▶ [THE PROBLEM]
The whole listing should come back exactly as written, except for the pictures.

▶ [DATASET SECTION]
|---|

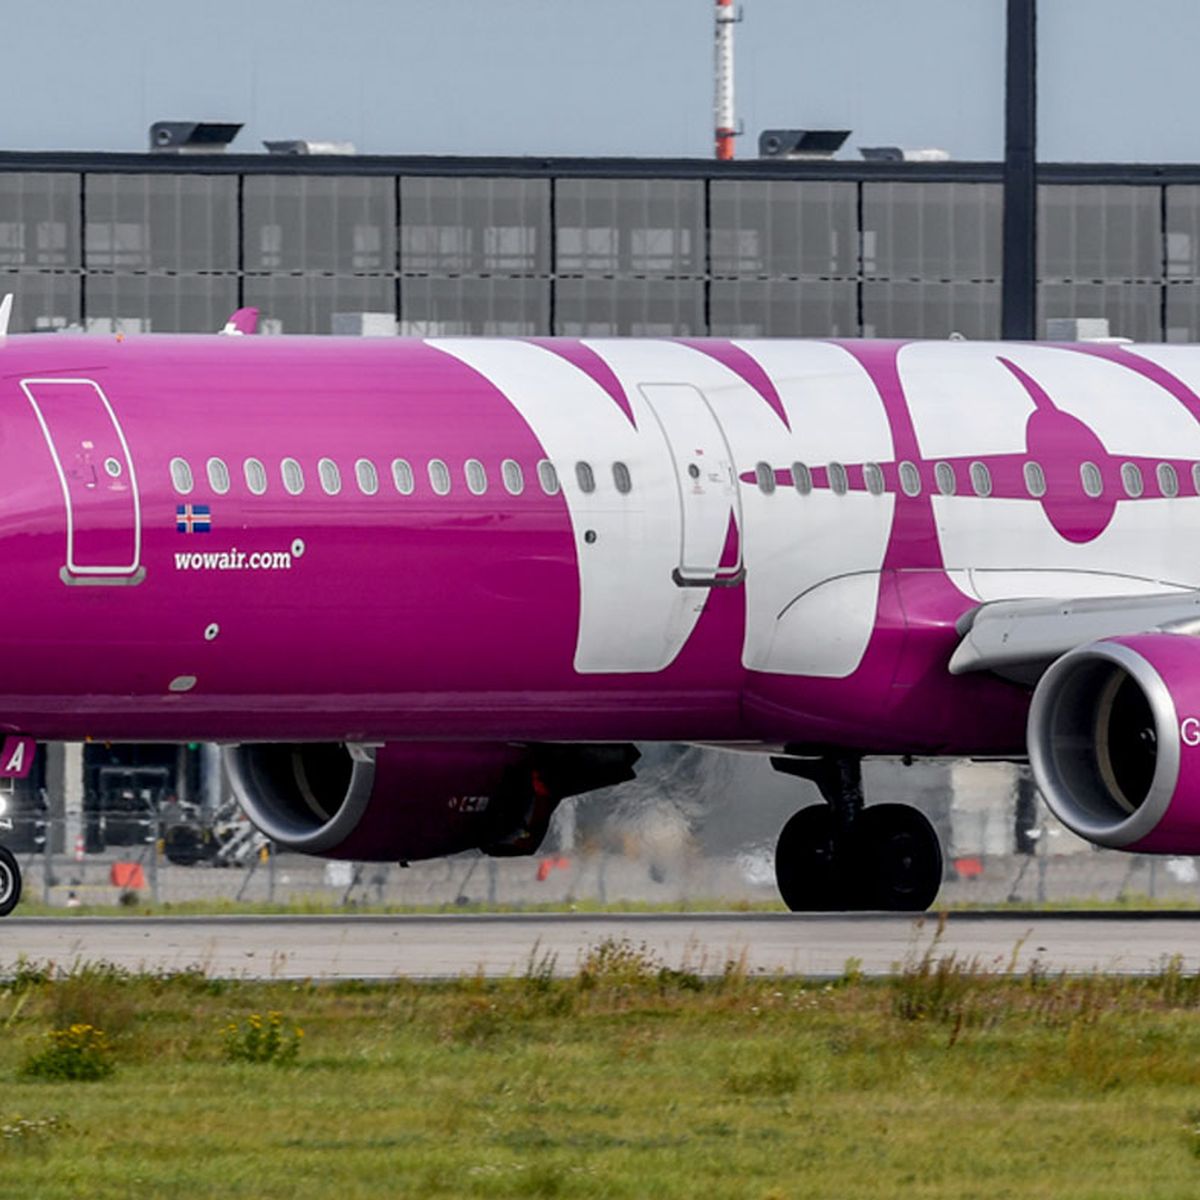 Wow Air ceases operations, leaving passengers stranded, Airline industry
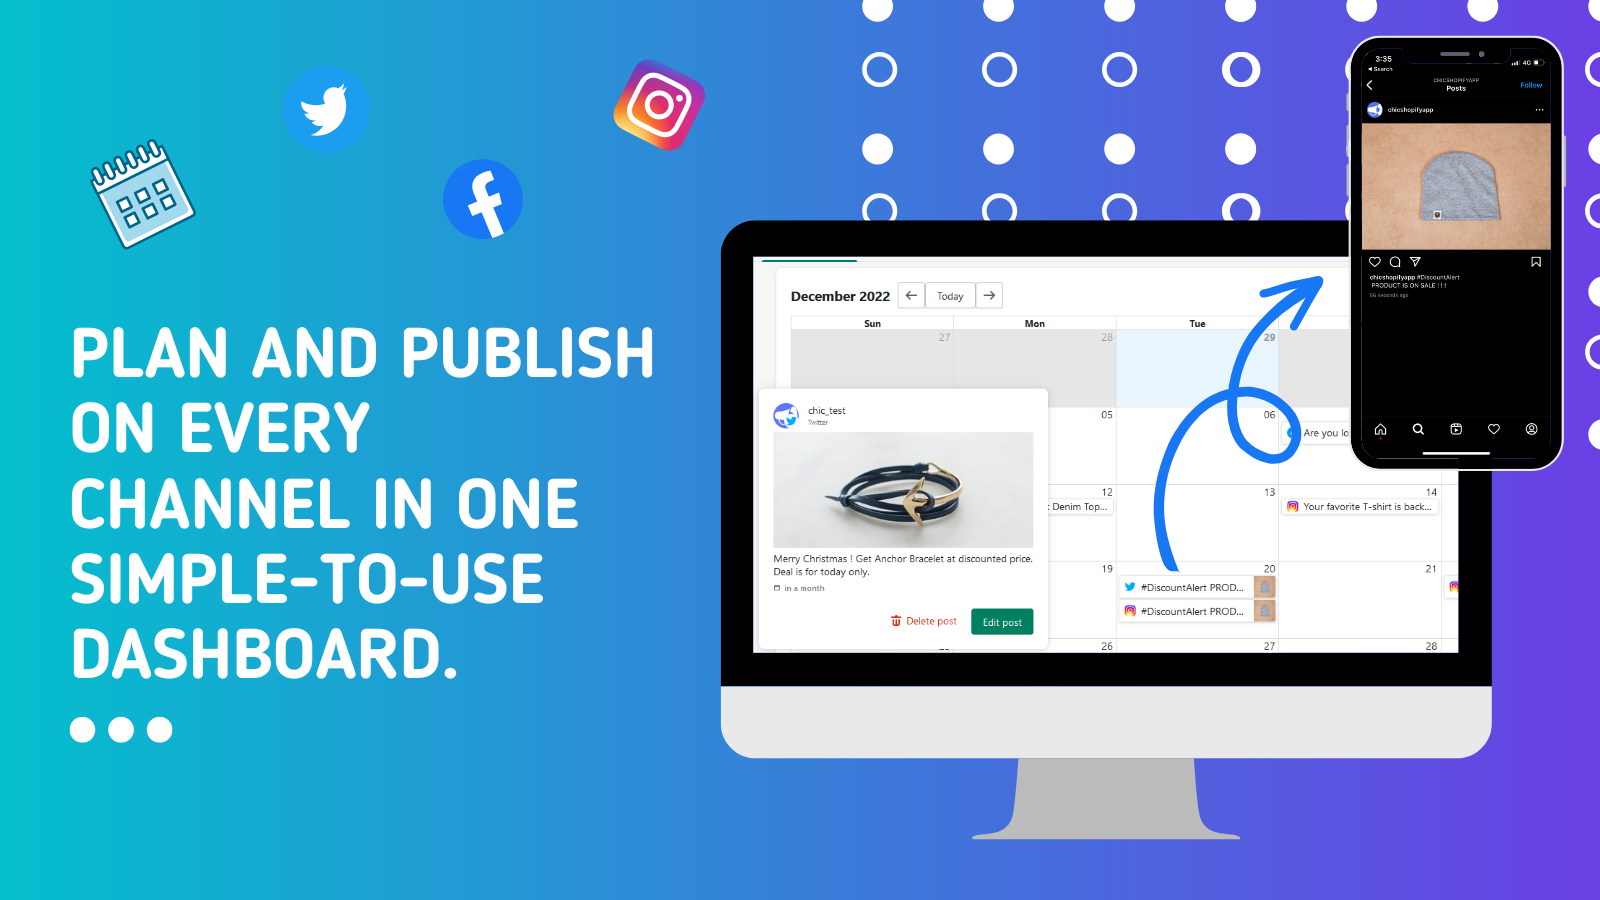 Plan and publish on every channel in one simple-to-use dashboard
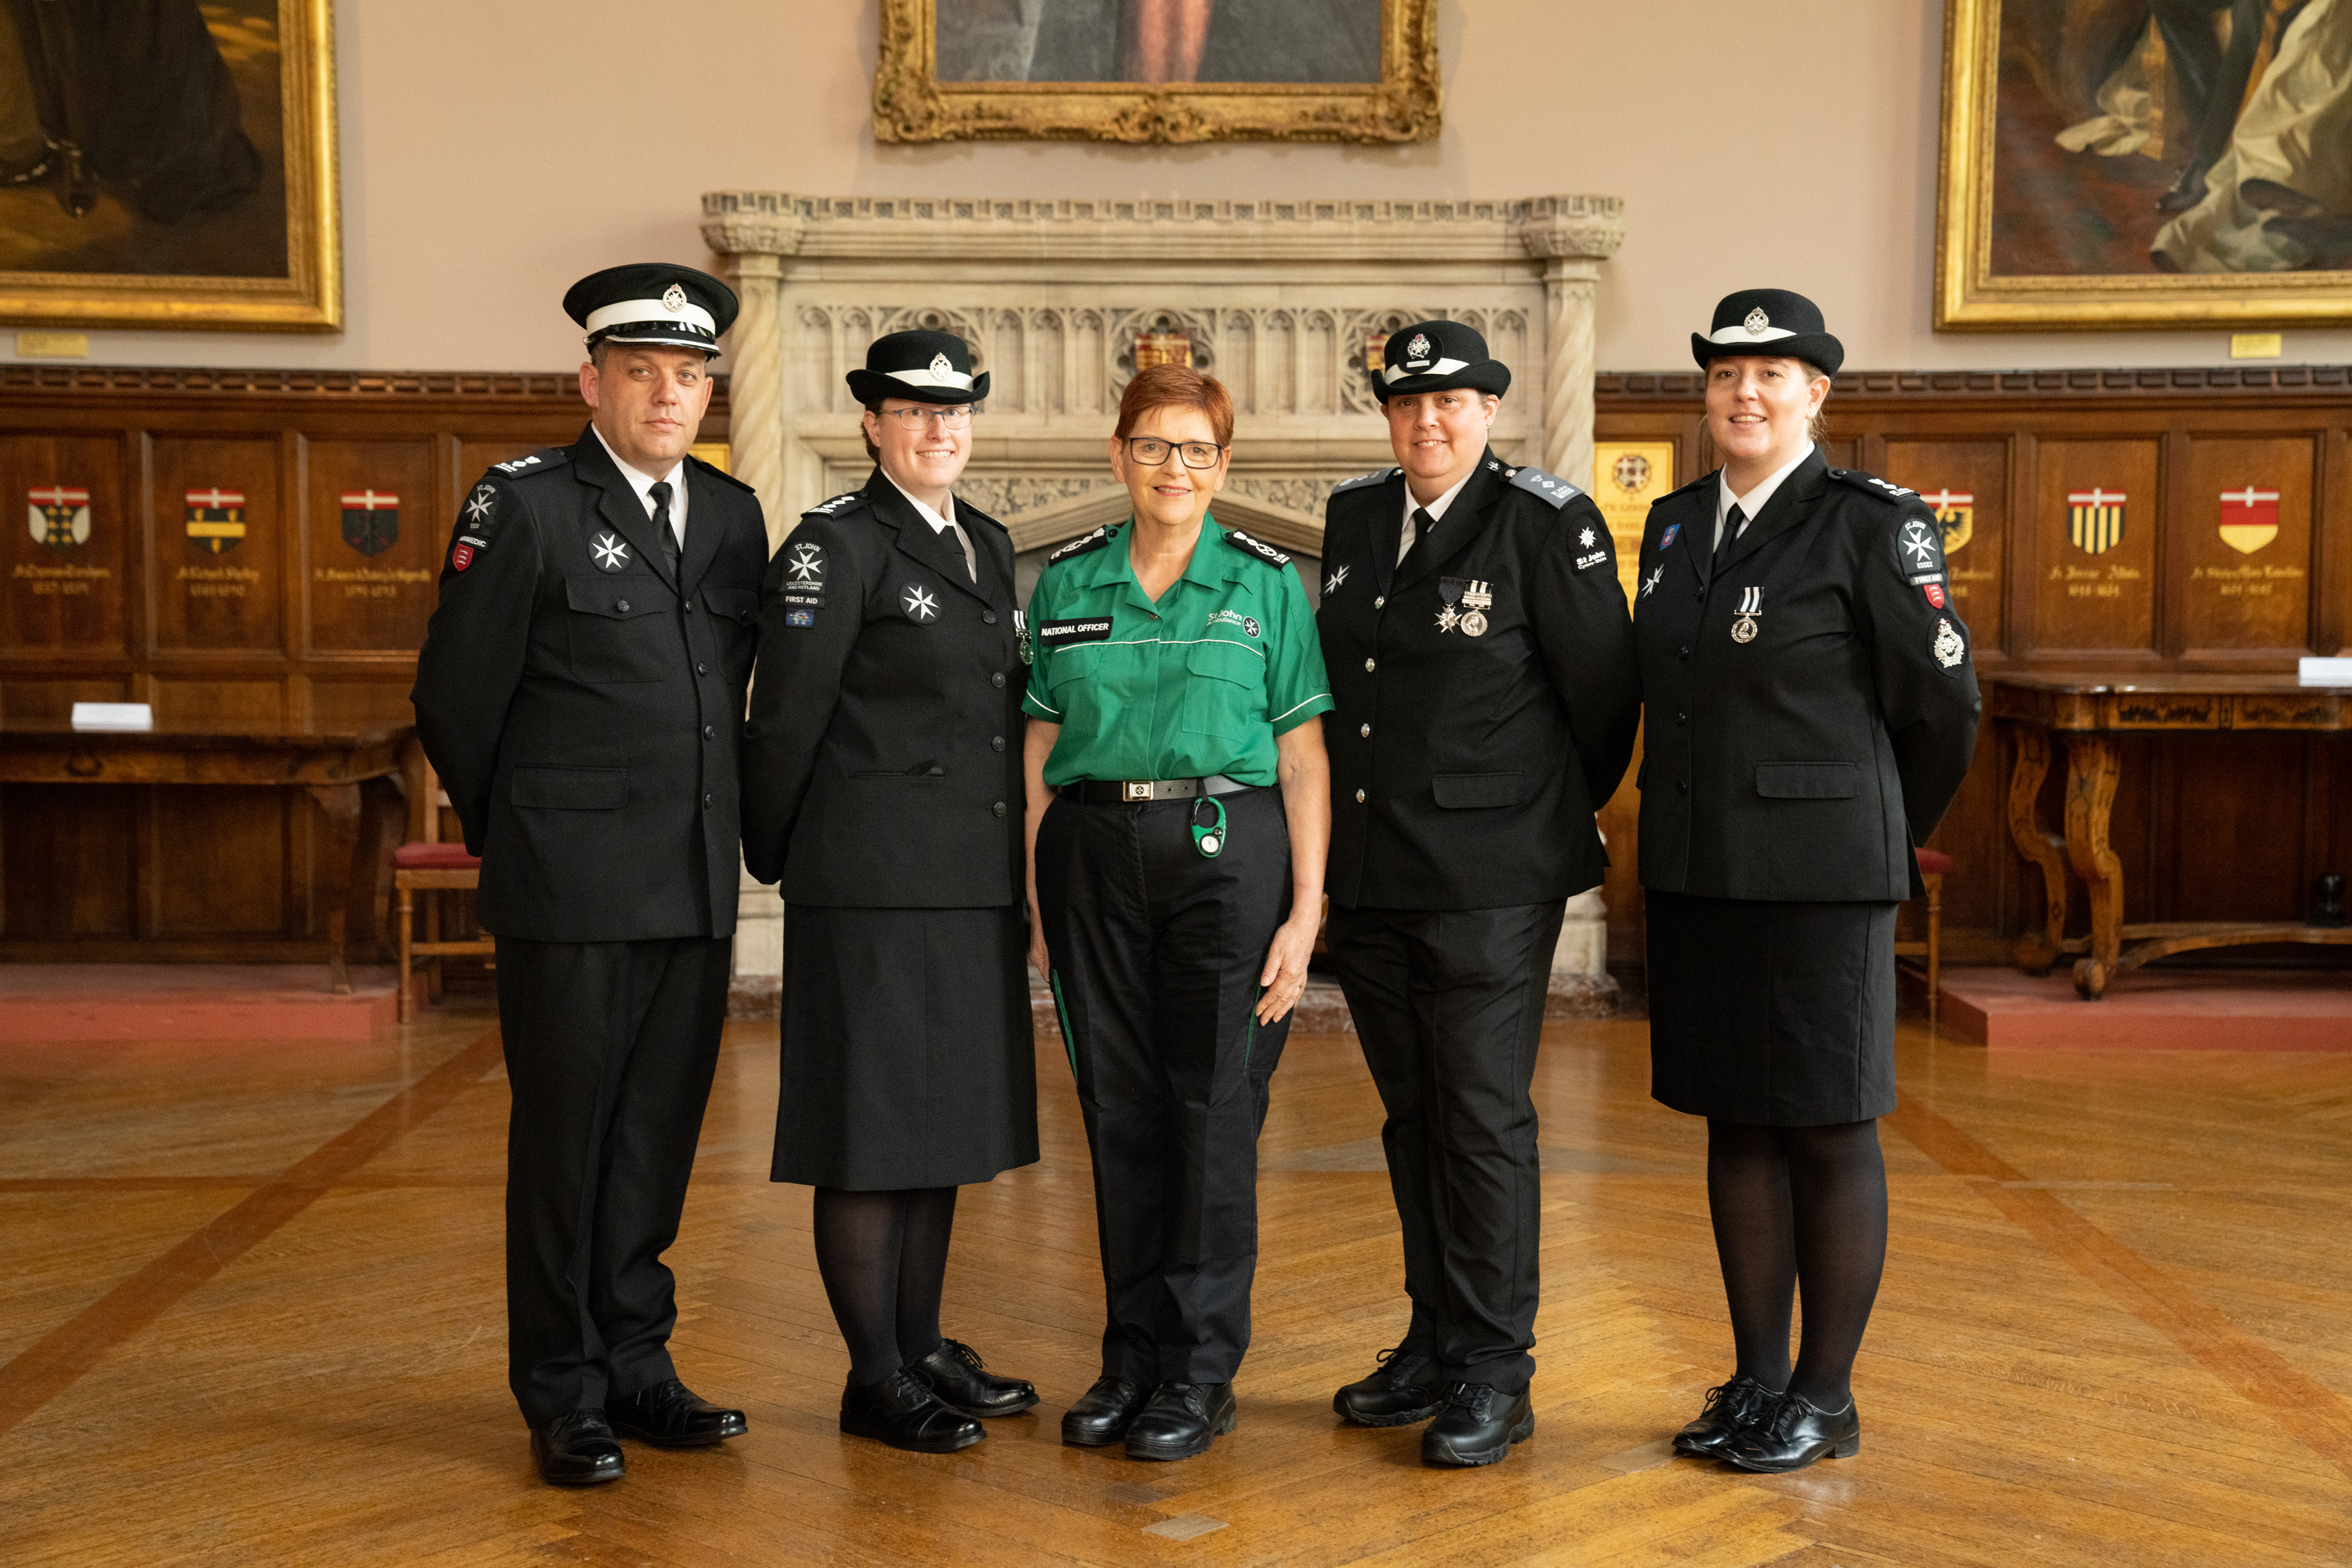 Volunteers Lee Devall and Diana Martin, St John Ambulance’s chief commissioner Ann Cable with volunteers Jane Van-Tiel and Emily Whyte (St Joh

|---|

▶ [EXPECTED ANSWER]
 Wow Air ceases operations, leaving passengers stranded, Airline industry
 Plan and publish on every channel in one simple-to-use dashboard
 Volunteers Lee Devall and Diana Martin, St John Ambulance’s chief commissioner Ann Cable with volunteers Jane Van-Tiel and Emily Whyte (St Joh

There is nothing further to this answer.